Task instructions:
The entries should be restated word for word.

━━━━━ Information supplied ━━━━━

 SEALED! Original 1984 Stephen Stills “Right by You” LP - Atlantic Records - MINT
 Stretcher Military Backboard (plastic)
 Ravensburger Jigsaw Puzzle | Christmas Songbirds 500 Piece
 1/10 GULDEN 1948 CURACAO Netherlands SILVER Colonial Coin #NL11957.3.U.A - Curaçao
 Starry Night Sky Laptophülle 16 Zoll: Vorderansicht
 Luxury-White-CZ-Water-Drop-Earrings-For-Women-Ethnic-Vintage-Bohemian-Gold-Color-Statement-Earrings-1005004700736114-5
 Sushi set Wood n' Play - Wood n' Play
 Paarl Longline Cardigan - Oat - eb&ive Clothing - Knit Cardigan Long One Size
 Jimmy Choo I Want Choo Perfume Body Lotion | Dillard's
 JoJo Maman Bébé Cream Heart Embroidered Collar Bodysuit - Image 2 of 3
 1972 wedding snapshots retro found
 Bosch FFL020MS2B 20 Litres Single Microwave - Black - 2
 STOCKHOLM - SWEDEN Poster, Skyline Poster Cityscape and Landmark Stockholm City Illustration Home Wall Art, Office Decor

━━━━━

Written response:
 SEALED! Original 1984 Stephen Stills “Right by You” LP - Atlantic Records - MINT
 Stretcher Military Backboard (plastic)
 Ravensburger Jigsaw Puzzle | Christmas Songbirds 500 Piece
 1/10 GULDEN 1948 CURACAO Netherlands SILVER Colonial Coin #NL11957.3.U.A - Curaçao
 Starry Night Sky Laptophülle 16 Zoll: Vorderansicht
 Luxury-White-CZ-Water-Drop-Earrings-For-Women-Ethnic-Vintage-Bohemian-Gold-Color-Statement-Earrings-1005004700736114-5
 Sushi set Wood n' Play - Wood n' Play
 Paarl Longline Cardigan - Oat - eb&ive Clothing - Knit Cardigan Long One Size
 Jimmy Choo I Want Choo Perfume Body Lotion | Dillard's
 JoJo Maman Bébé Cream Heart Embroidered Collar Bodysuit - Image 2 of 3
 1972 wedding snapshots retro found
 Bosch FFL020MS2B 20 Litres Single Microwave - Black - 2
 STOCKHOLM - SWEDEN Poster, Skyline Poster Cityscape and Landmark Stockholm City Illustration Home Wall Art, Office Decor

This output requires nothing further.